SCIENTIFIC PUBLICATIONS
Precisya analysis is based on the Exome, Microarray, and WGS. The genomic universe of Precisya includes 25+ million Scientific Publications.
HOLISTIC VIEW OF THE GENETIC LANDSCAPE
Most available genetic tests focus on the Exome, which represents just 2% of our DNA, scrutinizing variations within this limited
area while neglecting vast regions known as Introns. This oversight means significant genetic data is overlooked, which could be pivotal in disease prevention and treatment. Most genetic tests do not provide a holistic view of an individual’s genetic landscape. They fail to show how different genes interact with each other or their collective impact on our health, akin to how our organs such as the brain, heart, liver, and pancreas do not operate in isolation but are interdependent.
MEDGENECARE INTELLIGENCE PORTAL
MedGeneCare empowers healthcare professionals with the tools to turn genetic insights into actionable, life-enhancing decisions, setting a new standard in personalized healthcare. PRECISYA offers consulting professionals an intelligence portal that integrates the genetic results, the metabolic test
results, and client history and preferences to generate recommendations that are precise, comprehensive, and actionable recommendations.

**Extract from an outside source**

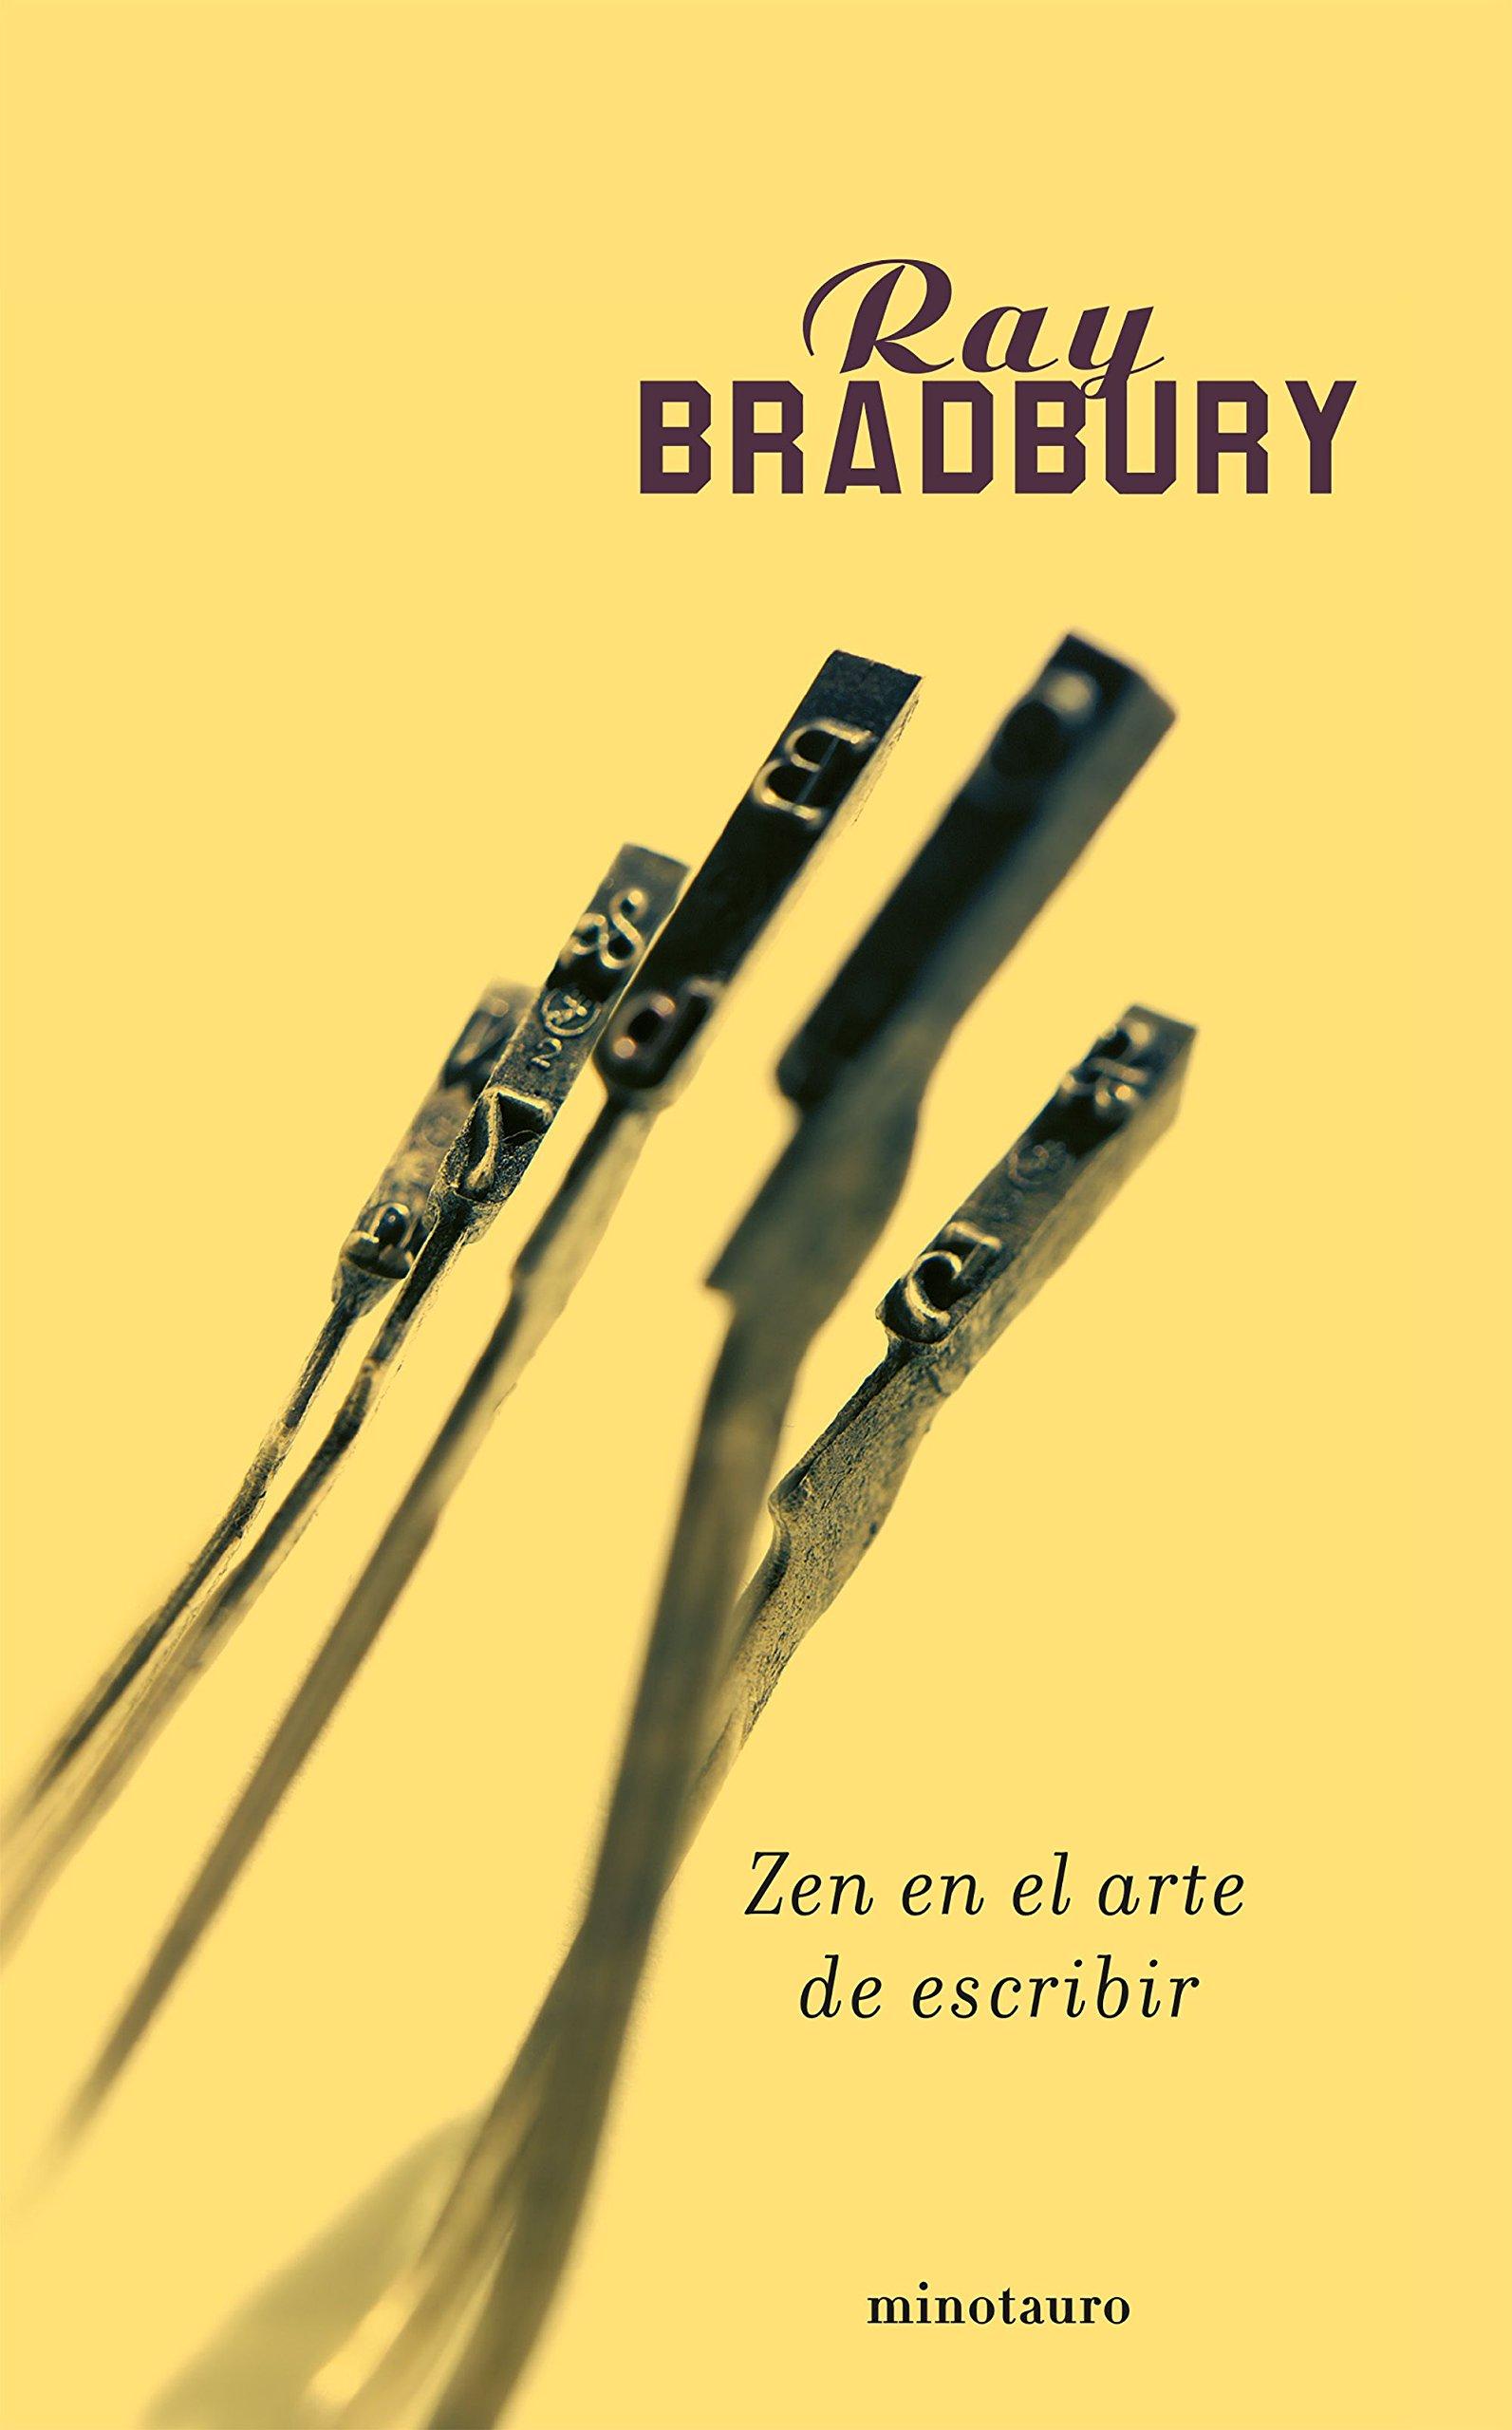 Zen en el arte de escribir (Biblioteca Ray Bradbury): Amazon.es: Ray Bradbury: Libros

PERSONALIZED METABOLIC PATHWAYS
We recognize the critical need for advanced tools to decipher complex interactions within the human body using the biochemical metabolic pathways. This unique tool, Personalized Metabolic Pathways, represents a pioneering step in this direction. It offers an unparalleled visualization of the body’s most crucial metabolic pathways, providing rapid insights into the main functions, deficiencies, risks, advantages, and potential origins of existing or pre-existing diseases.
The Personalized Metabolic Pathways tool illustrates how various pathways operate and provides specific information on how different genes influence these pathways. This includes the impact of genetic variations on enzyme activities, the metabolism of vitamins and minerals, and the body’s response to different dietary components.